Tuesday, May 22, 2012

Hanging in mid-air or enjoying the scenery?

I probably shouldn't be starting a blog late at night like this, but I'm going to anyway. 

It has been a roller coaster year this year for many reasons.  Right now I face not only the end of the year with an uncertainty of what school(s) I might work at next year, but I am also facing a bit of uncertainty about the arrival of our next child.  Those closest to me, including some of those I work with, have been very supportive this year after I was diagnosed with vasa previa. If you don't know what that is, and most probably won't, this is a condition where blood cells from the umbilical cord have attached themselves to the cervix preventing a natural birth for my child and potentially being lethal to the unborn.  It is a rare enough condition that a proper study has not been done since this condition, unfortunately, is usually only discovered after there has been a miscarriage or a stillbirth. I am fortunate that I had a very skilled sonographer for our sonogram this last March who saw the potential signs of this condition and pointed out to our OB who recommended us to a specialist to confirm this diagnosis.

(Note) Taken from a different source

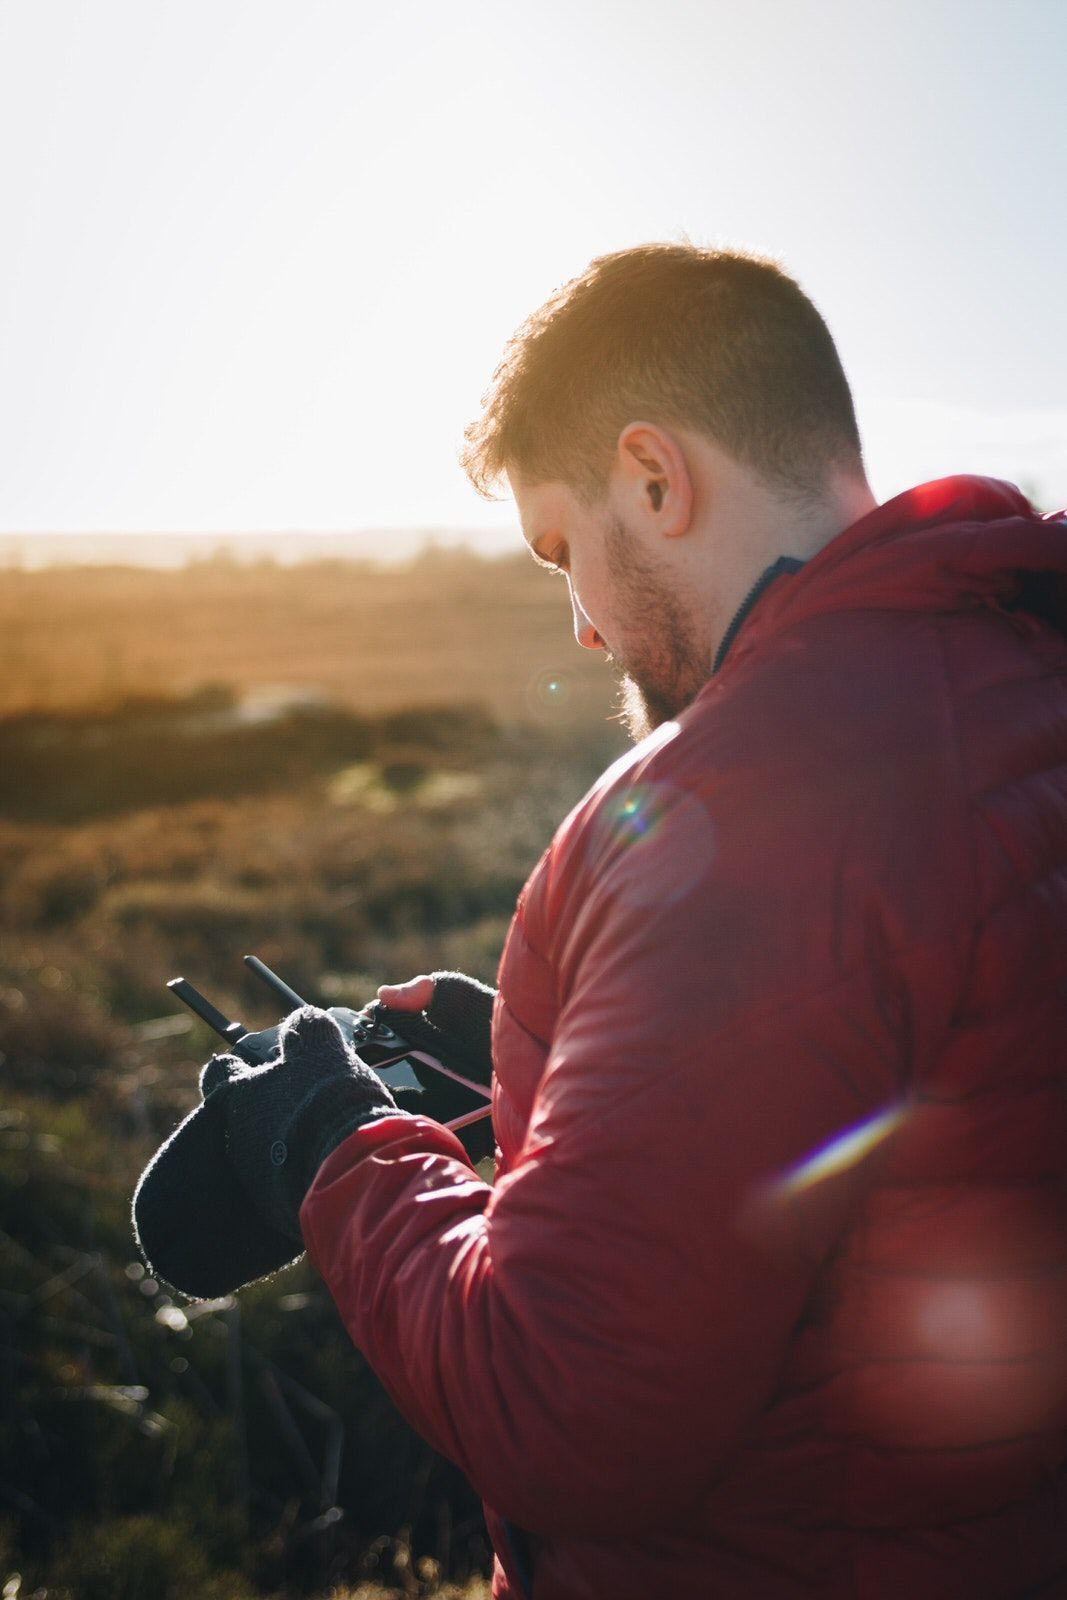 πετώντας drone το χειμώνα keep warm travelshare.gr

Thanks to my family, friends, and co-workers, I've made it so far without suffering any real complications. All though it has been interesting being told to not exercise when my job as a music teacher on a cart seems to be as full of exercise as if I were teaching say...physical education. ;-)  I have dialed back some and now I am looking at the last phase of things where I will be "enjoying" an extended stay in the hospital until the arrival of our newest family member this July (if not sooner).

This then is the reason behind starting this blog. It will be a place to keep family, friends and others up to date on what's happening as well as providing me a place to vent in my moments of frustration. Those who know me well know this may happen more frequently than I'd like since I am not one to just sit anywhere for any length of time. So please join me on this next leg of my life's path and see let's see where it takes us!